[Your instructions]
The answer must be an exact reprint of the lines from the one with "3a88b170f1c Baby Pink" through the final line of the data, with no pictures included.

[Data block]

****************

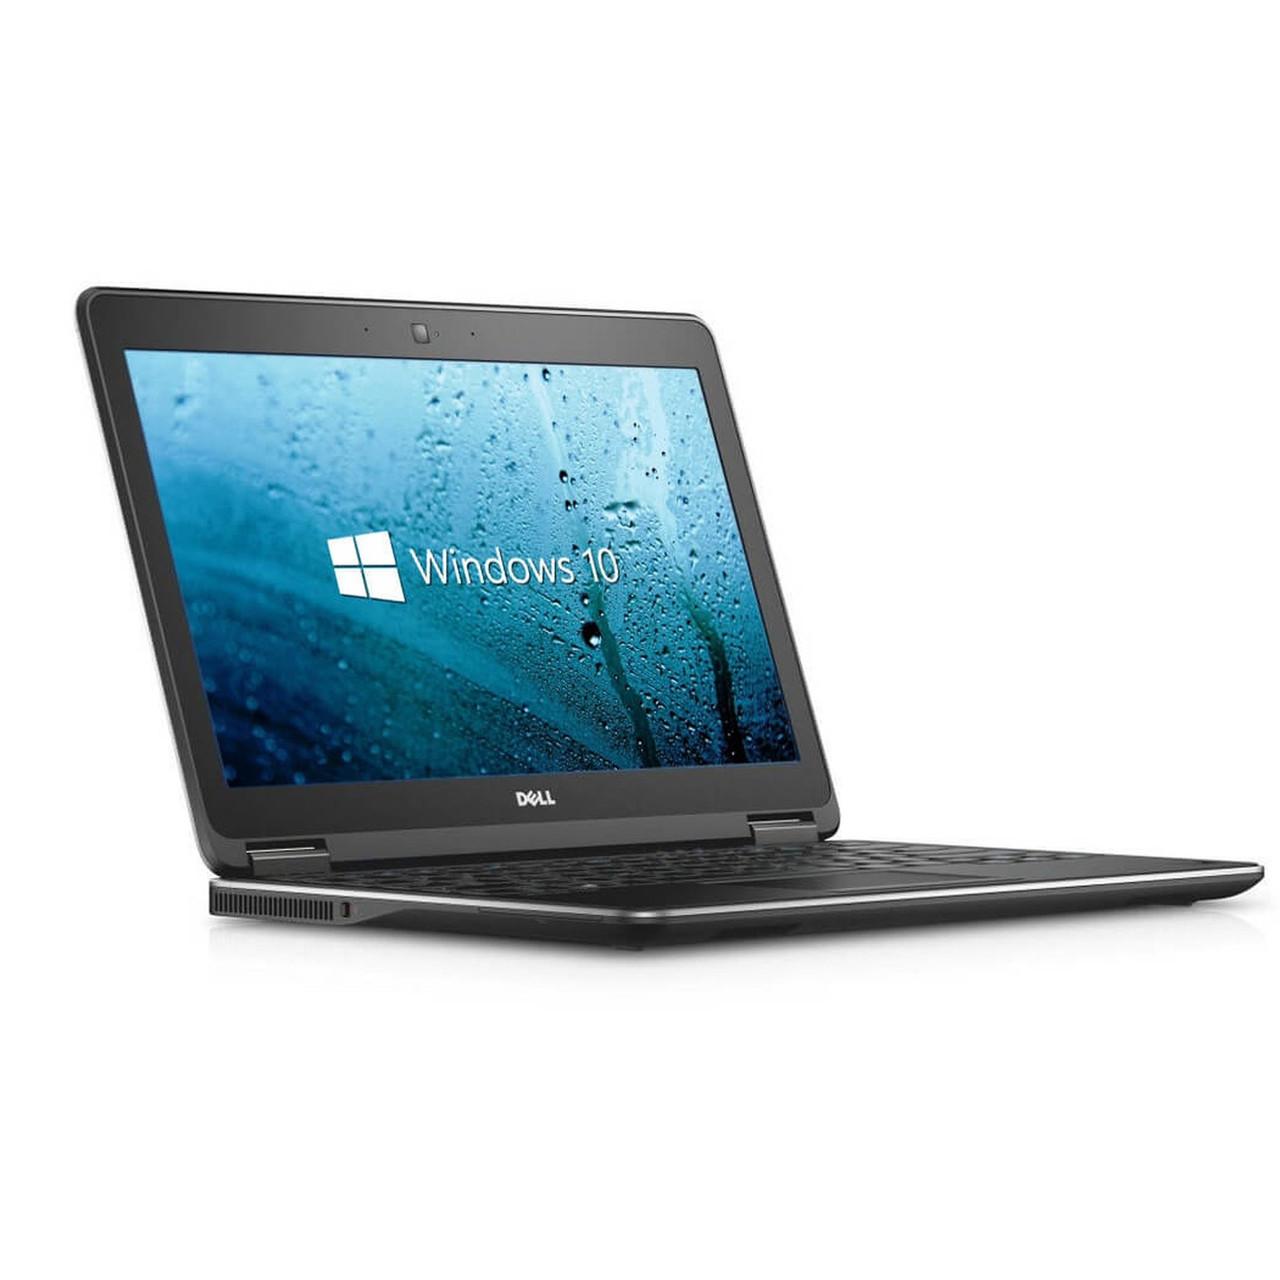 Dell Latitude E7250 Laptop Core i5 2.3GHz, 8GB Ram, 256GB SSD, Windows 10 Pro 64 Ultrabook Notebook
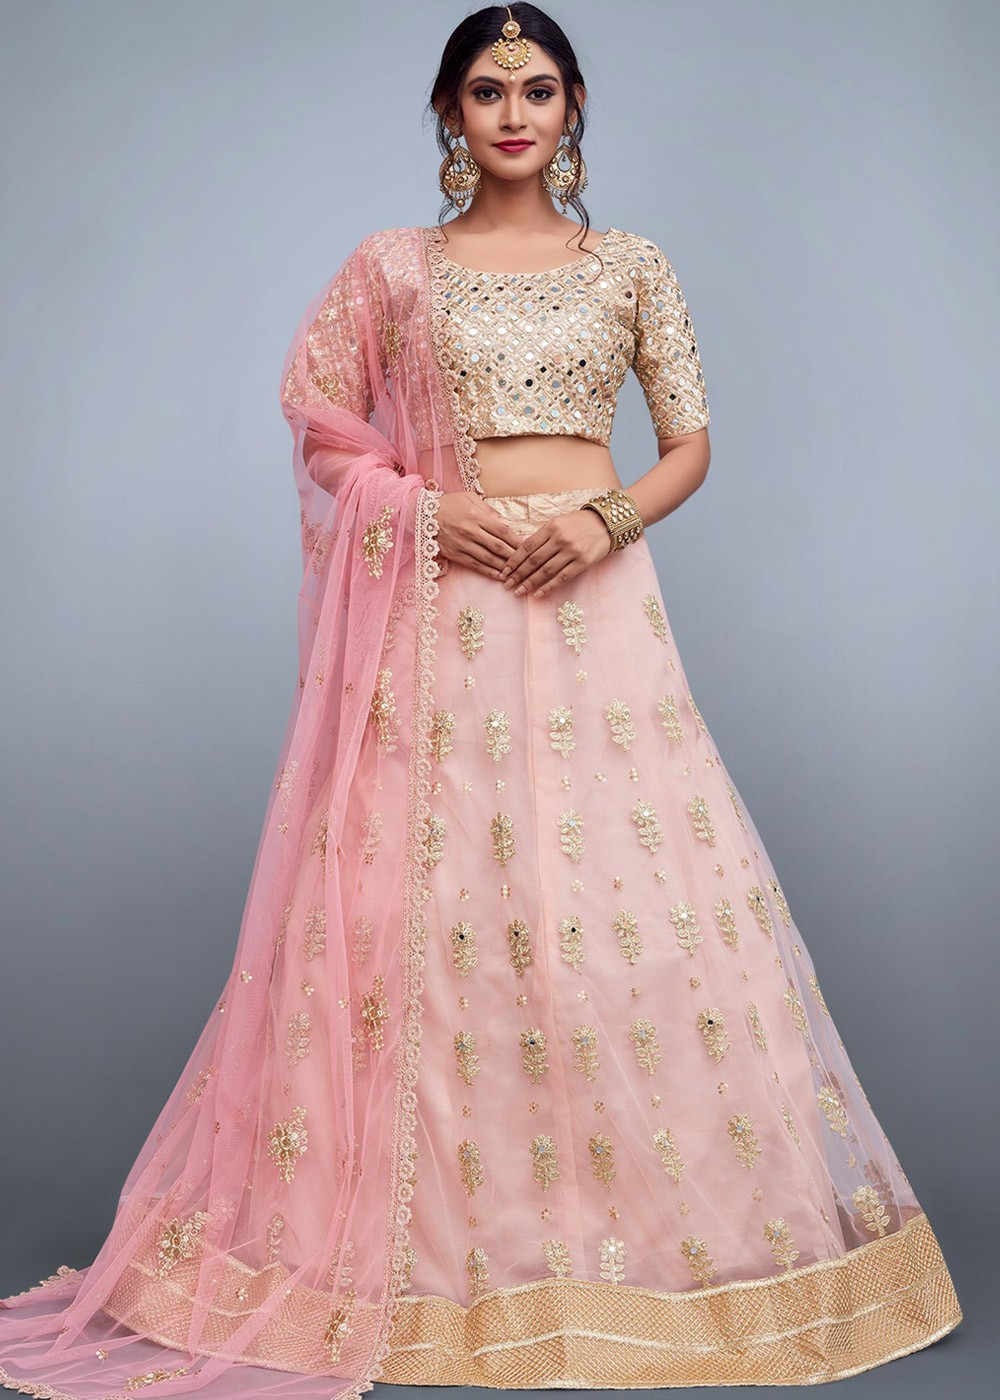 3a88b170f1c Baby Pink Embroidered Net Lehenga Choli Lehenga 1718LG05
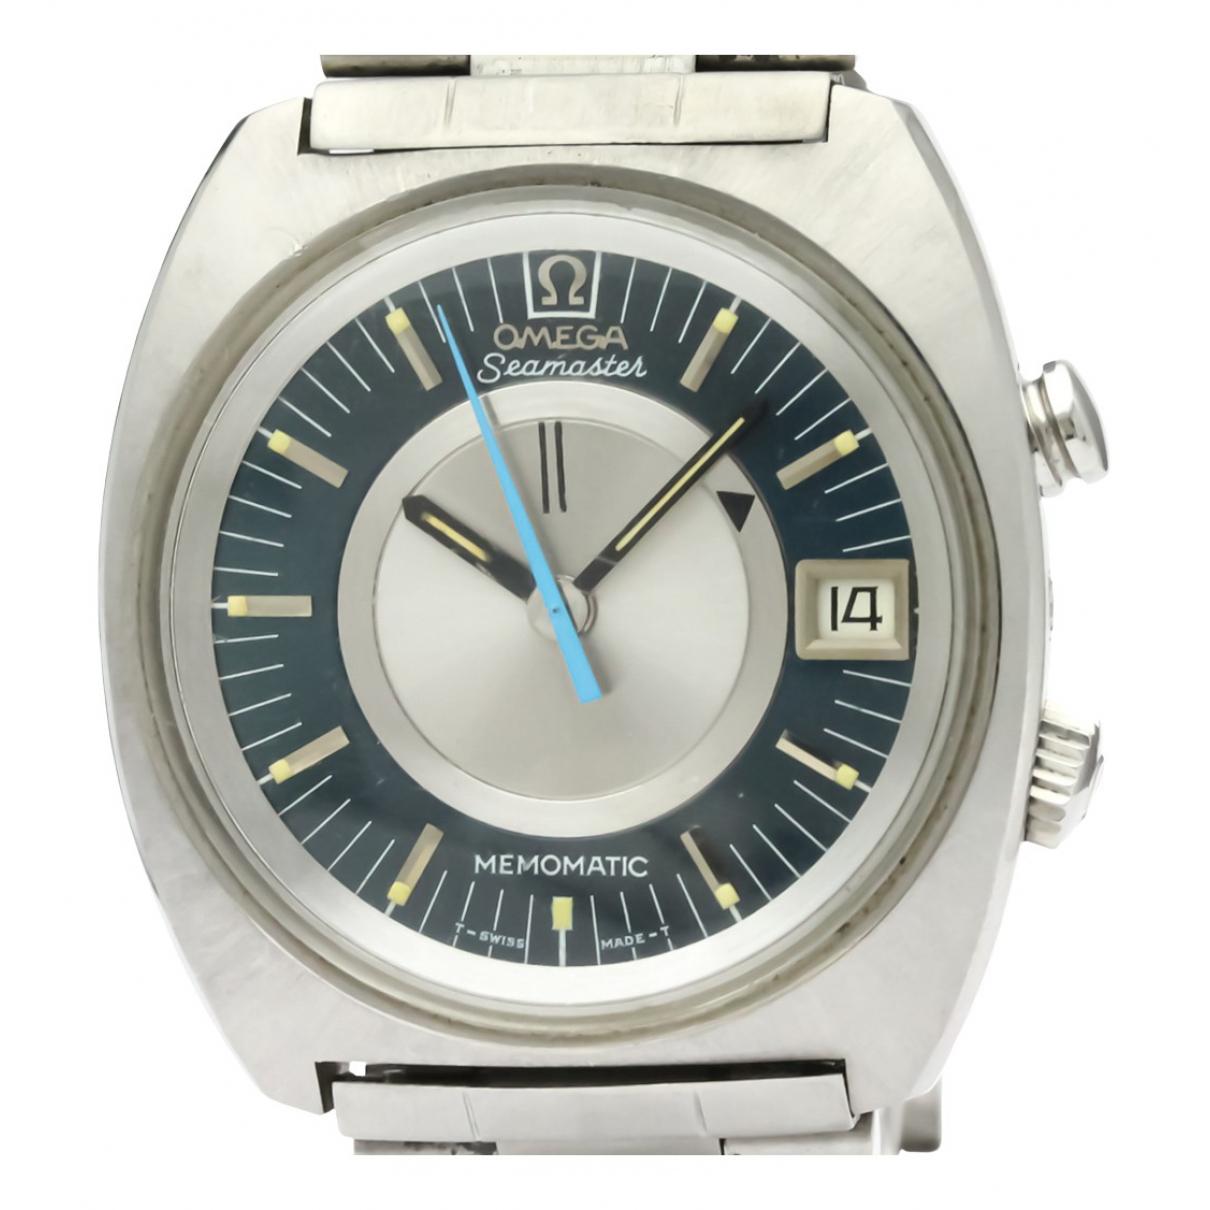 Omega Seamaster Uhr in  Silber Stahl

****************

[The completed task]
 3a88b170f1c Baby Pink Embroidered Net Lehenga Choli Lehenga 1718LG05
 Omega Seamaster Uhr in  Silber Stahl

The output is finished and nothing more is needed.